Mistakes I've made coding (part 1)

A quick S2DS update as preamble…

Week three of S2DS has been and gone, and there’s been little time for blog writing - we’ve been kept busy! I’m having a lot of fun though, and my team have been making good progress. For the first couple of weeks we were attending a lot of lectures about coding, databases, business etc., but now we’re almost exclusively working on our team projects. There have also been quite a few evening events, some in the city, and some on campus. I’m planning on writing a post that gets into the specific details of my team’s project, but for now, know that there’s been a bit of this:

a bit of this:

and quite a bit of this:


Mistakes I’ve made coding (part 1)

Now for the meat of this post.

Noticing when you did something wrong, or at least sub optimally, is an important part of the learning process. I especially like it when organisations do it. While I’m building my skills, I thought I’d keep track of coding mistakes I’ve made along the way. Whereas many of these seem obvious in hindsight, they each swallowed up tens of minutes or even hours of my time as I tried to figure out why I wasn’t getting the result I expected. I know that these aren’t exactly difficult ‘confessions’ to make, but some are at least mildly embarrassing, and will hopefully become more so as I continue my progression towards coding greatness :).

Mistake 1: Don’t ignore the structure of an array.

np.array([[0], [1]]) is NOT the same as np.array([0, 1]). For some reason I tend to have array blindness when I’m in the middle of a problem.

Mistake 2: Don’t make an ipython notebook that prints out the output of thousands of variables.

It won’t like it and will refuse to open, and then you’ll have to edit it manually in a text editor. And besides, you shouldn’t be doing this anyway because it looks ugly, and it makes you notebook difficult to read.

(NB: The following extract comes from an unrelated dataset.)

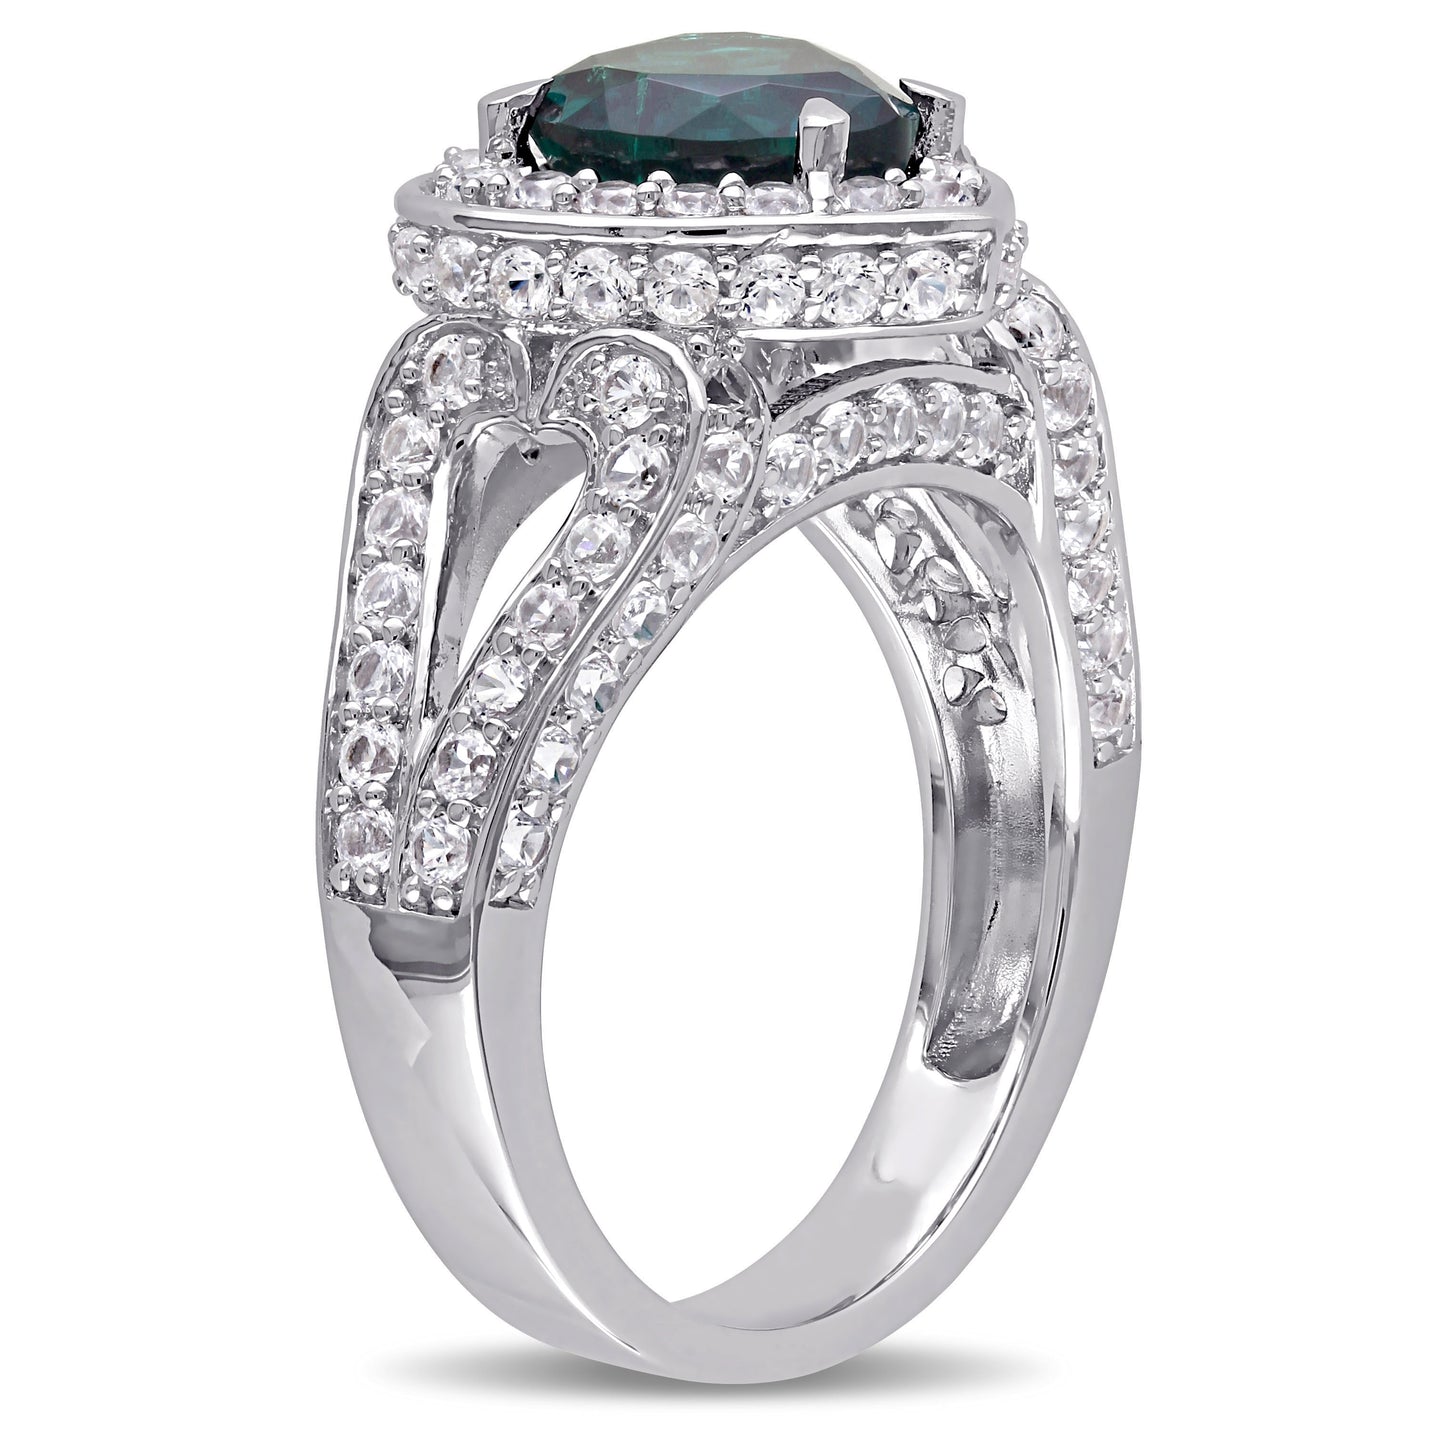 Created Emerald & White Sapphire Heart Ring in Sterling Silver

Mistake 3: Check the dtype of your numpy arrays before doing operations on them.

I was in a situation where I wanted to halve all the values in an array, and reassign this to the old array. For some reason I decided to do this with a for loop. Even when I used from __future__ import division at the start of my code, this:

1
2
3
4
a = np.array([1,2,3])
for i in range(len(a)):
	a[i] = a[i]/2
print a

returned:

[0 1 1]

If I had remembered to check a.dtype, I would have seen that a was an int64 array. I should have specified the type when I created the array, or specified at least one of the elements as a float, which would have upcast(ed?) the entire array. This leads me on to….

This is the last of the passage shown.